2年程順調に付き合ったが、結婚を意識して初めてお互いの価値観の違いに気付き始めた。2人の時間を大切にしたいと考える沙羅と仕事や友人関係との付き合いを大切にする直也。典型的なだらしないタイプの直也は洗濯物を一枚一枚きちんと畳む沙耶香に窮屈さを覚え、沙耶香には直也のだらしなさが目に付くことがあった。細かいことを気にしない直也に沙耶香が突っかかる形で喧嘩も増えていった。最近では2人共そんなパワーも残ってなく、できる限り接触をしないようにとお互いに動いていた。まだ同棲をしていなかったことで助けられた部分もあった。
それでも沙耶香はいつか2人で乗り越えてまた新たに良い関係が築き直せる日が来ると信じていた。沙耶香は大手メーカーの経理として働いていて同世代の女性と比べると収入も良い方だったが、既に31歳になっており、もう後がないと意地になっていた。今はこんな風になってしまったが付き合ってからしばらくは本当に楽しかった。直也の荒々しい男らしさと沙耶香の気丈ながらもまじめで控えめな女性らしさ、タイプの違う二人だからこそ惹かれあった。
しかし直也は33歳でちょうど仕事でも三回目の昇格をしたばかりだった。一番楽しい時期を迎えたところだったので沙耶香のことをそれほど思いやっている余裕がなかった。
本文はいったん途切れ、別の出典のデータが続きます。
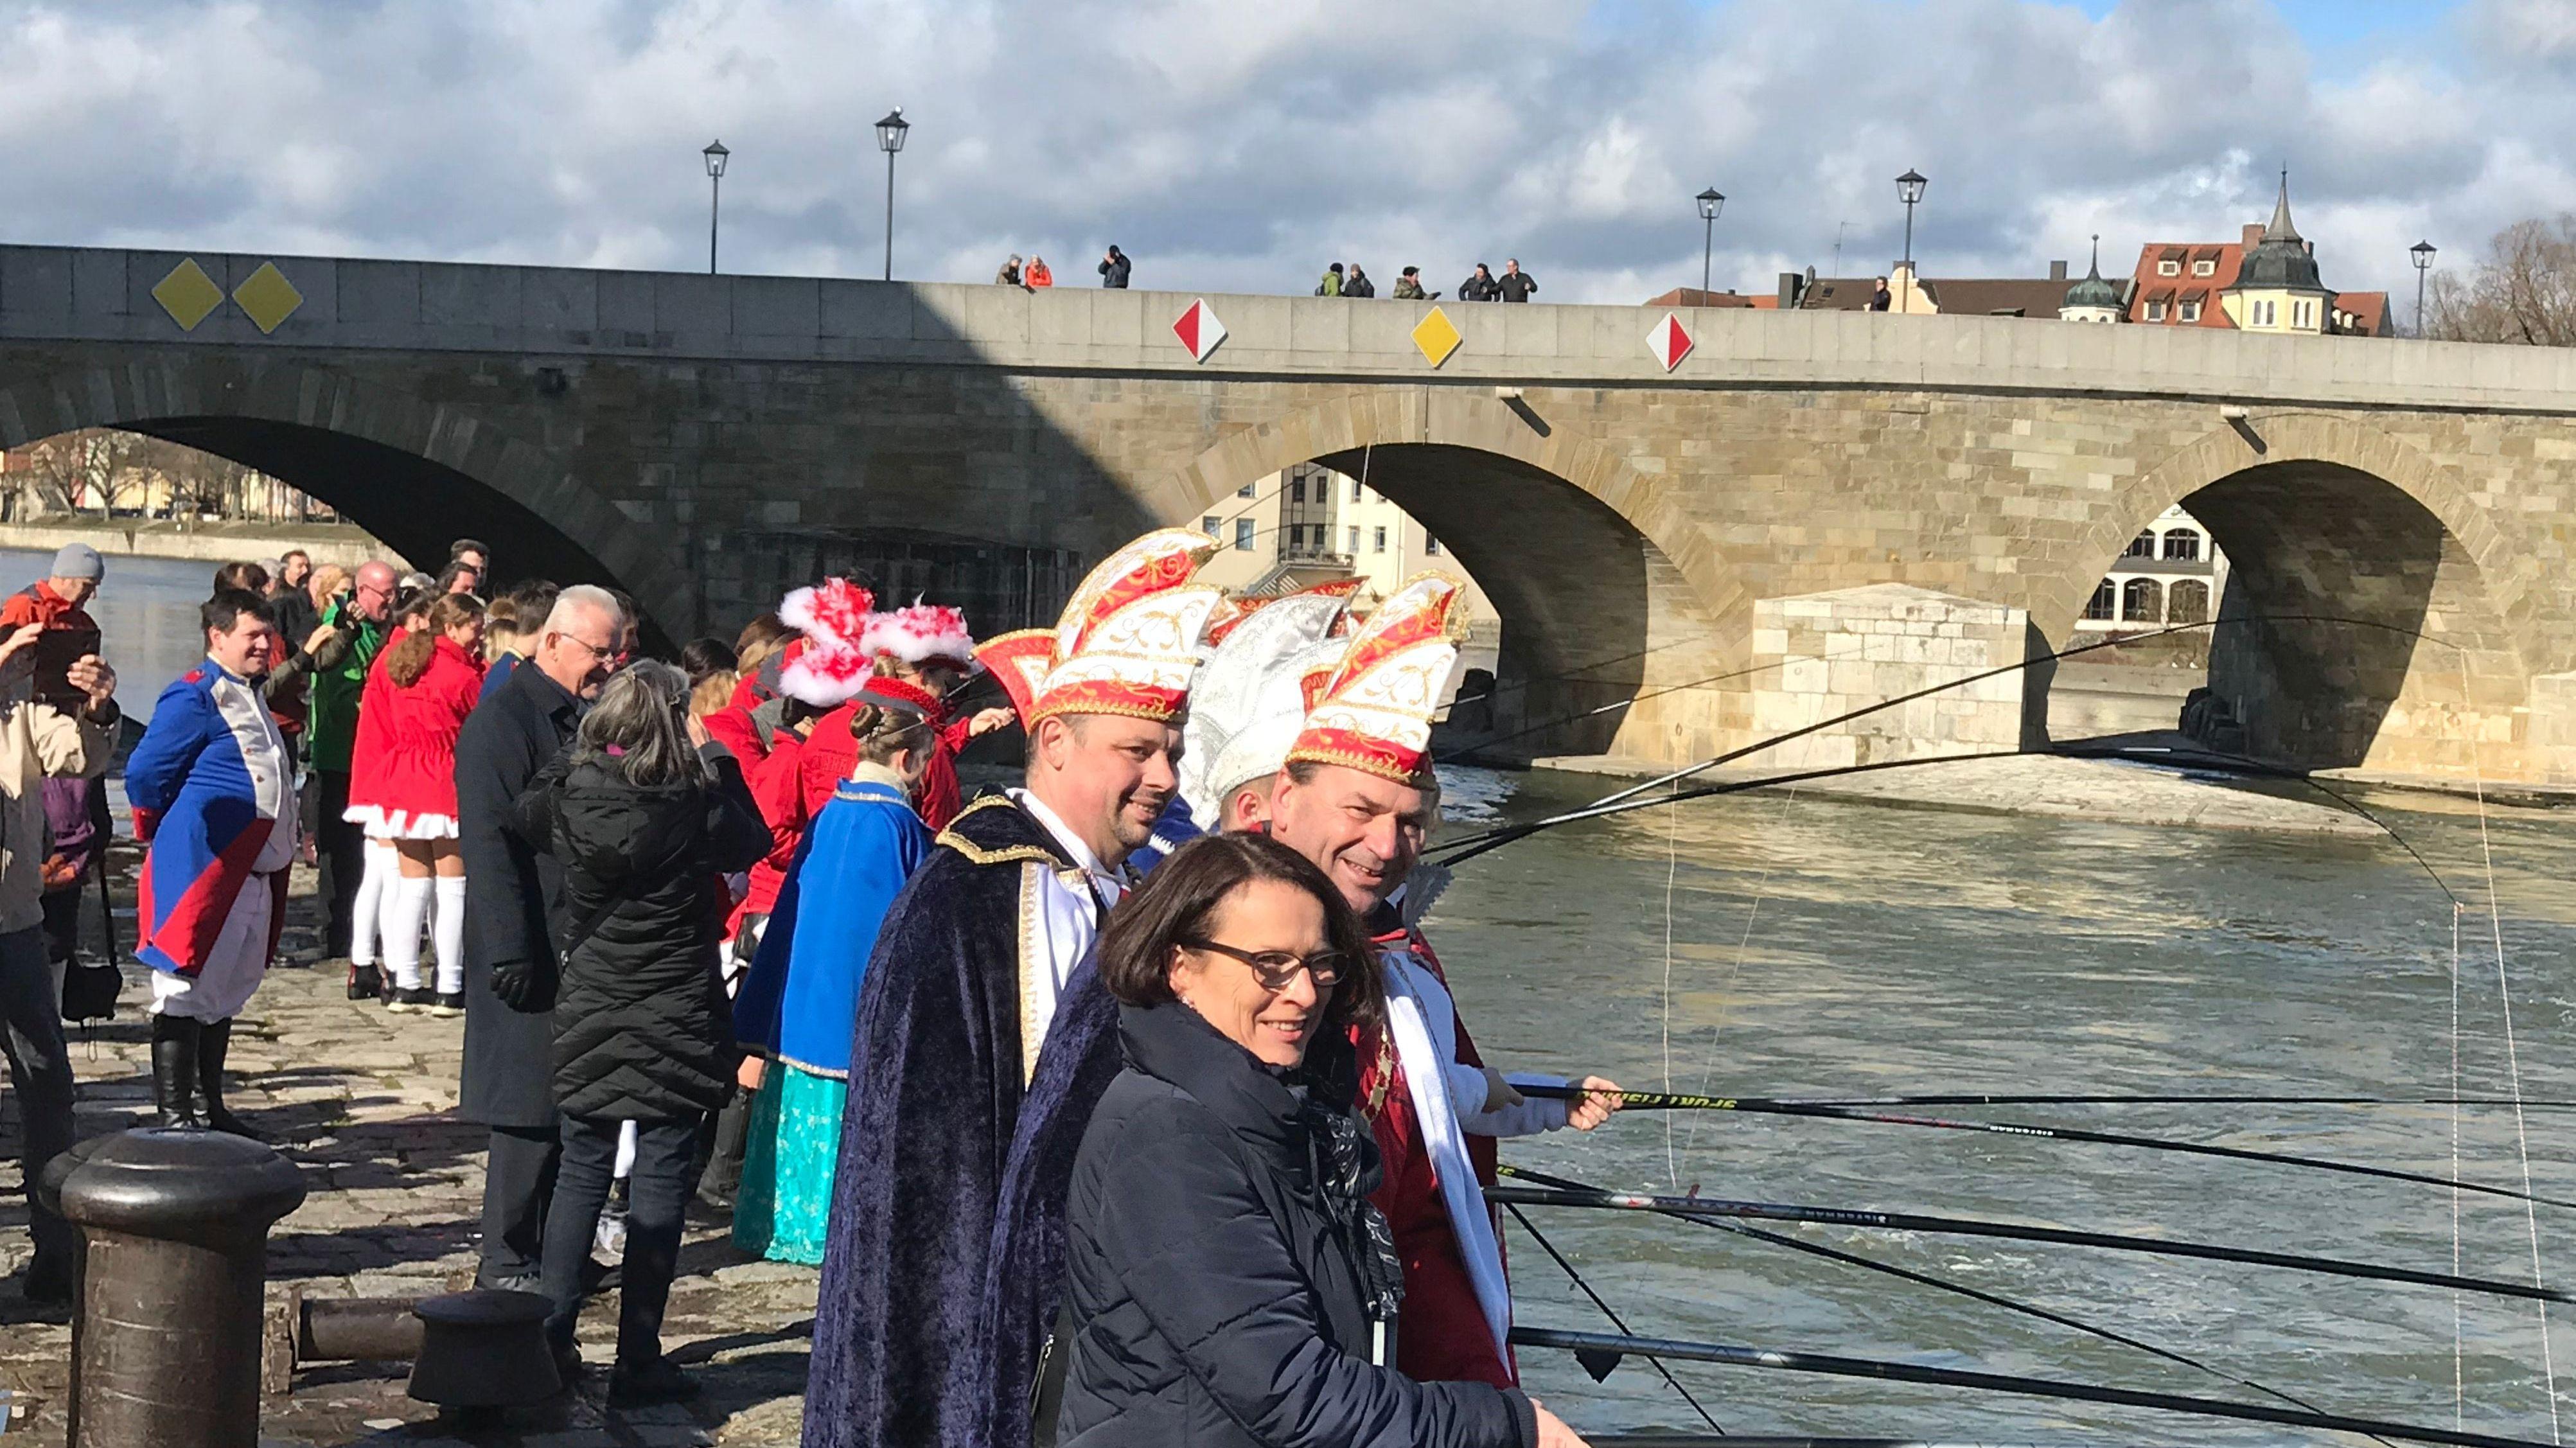 Narragonia Regensburg und Bürgermeisterin Maltz-Schwarzfischer beim traditionellen Geldbeutelwaschen

沙耶香は気づかなかったが、実際に直也は他の女で性処理をすることも多々あった。直也は結婚をしたくないわけではなかったが沙耶香程には結婚に希望を持っているわけでもなかった。
むしろここ最近の沙耶香との荒れた関係性に疲れ切った直也は2人の関係にもう終止符を打ちたいと考えていた。そして最後くらい悪者になろうと「ごめん、他に好きな子ができた」と遂に沙耶香に伝えたのだった。これといって好きな女はいなかったが、次の彼女候補はいくらでもいたのである。

別れを切り出されるも女としての意地と見栄から「今までのありがとう」と静かに受け入れた沙耶香に訪れたのは絶対的な絶望と大きな怒りだった。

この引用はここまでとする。